Classic Example of the Inferior Findability of Traditional Web Sites, and How the Blogger Ecosystem Can Help the “Dinosaurs”

by Steve Broback on July 11, 2007

As many of our conference attendees know, I put a high priority on finding news and relevant content hidden away in traditional HTML so we can introduce it into the RSS ecosystem. Done right, it avoids contributing to the echo chamber and creates what economists call a “Pareto Efficient Allocation” — where everyone involved is made better off and no one is made worse off.

A classic example of this surrounds a post I made today on our bigbusinessjet site. Here’s the chronology:

1) My favorite Firefox Plugin Update Scanner noticed one of the better (yet archaic) HTML subject expert sites we monitor has a new article posted. Aviation gurus Conklin & de Decker have written a piece about aircraft leasing.
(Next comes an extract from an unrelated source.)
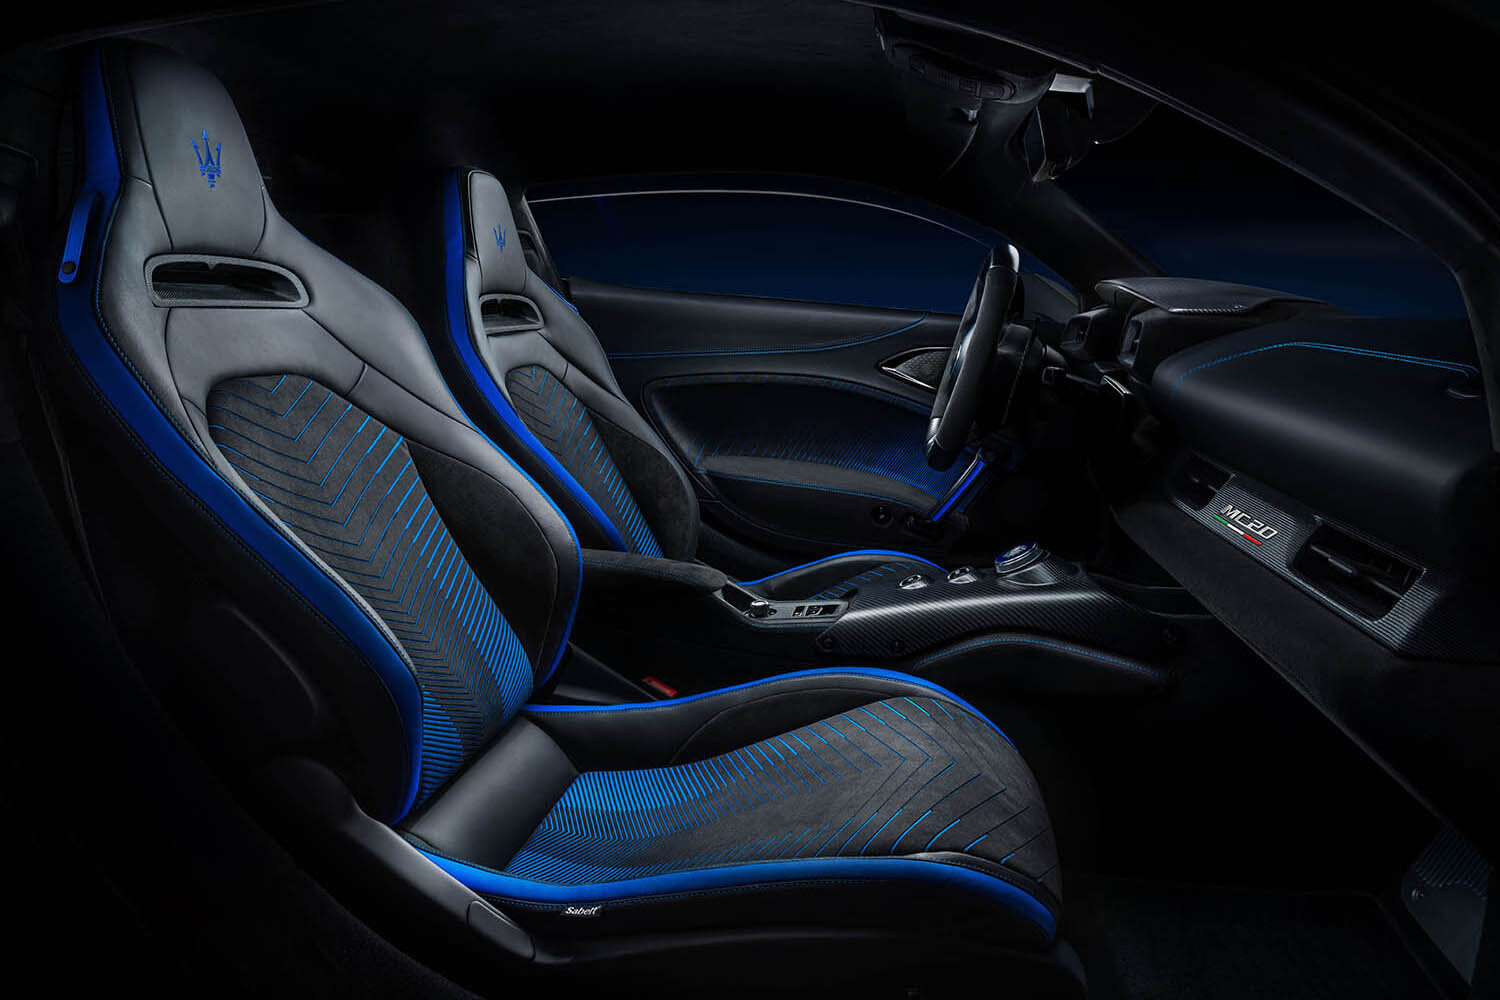 40_Maserati_MC20_interior.jpg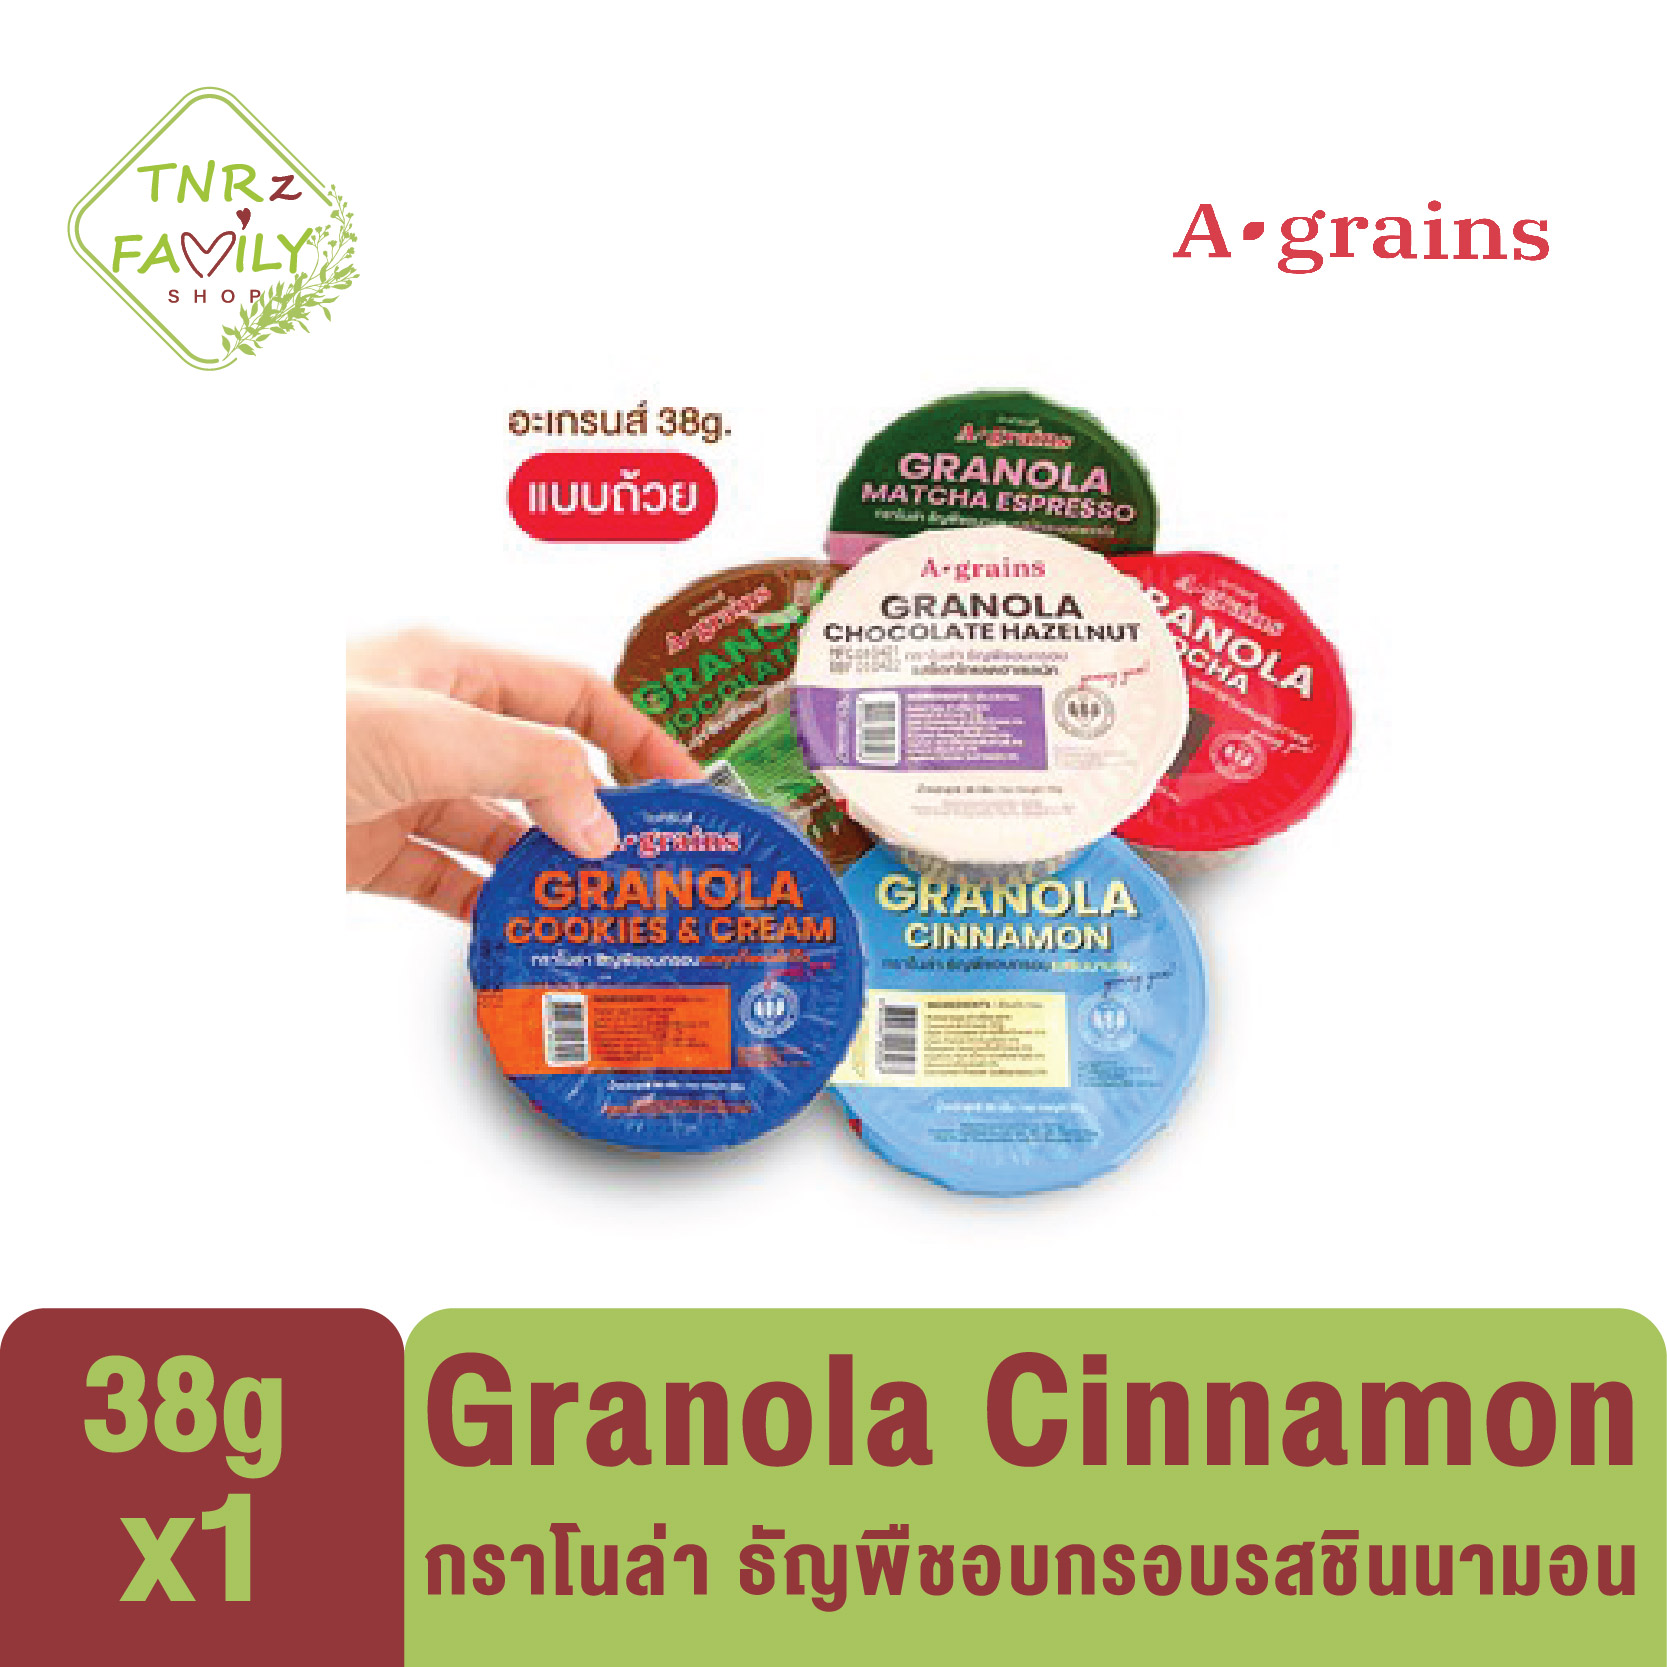 [38g]A-grains Granola กราโนล่า ธัญพืชอบกรอบ ขนาด 38กรัม แบบถ้วย

See below, as Update Scan even highlights the new item on the page.


2) Click through to the article and read.


Notice: At this stage Google has not noticed that the article exists.


Nor has Google indexed anything (yet) with the same string I used for my post headline.


3) Write an overview post, link back, and encourage readers to click through.
We get a nice post, relevant to our readers, Conklin & de Decker gets an inbound link and the resulting traffic. We win, Conklin & de Decker wins, and (see below) readers that previously had no idea this content existed can now find it.

The good news: 5 minutes later Google has indexed my post.


The not-so-good news (which should self-correct in a few hours/days:) Google sees us, but not Conklin & de Decker yet for the article title search string.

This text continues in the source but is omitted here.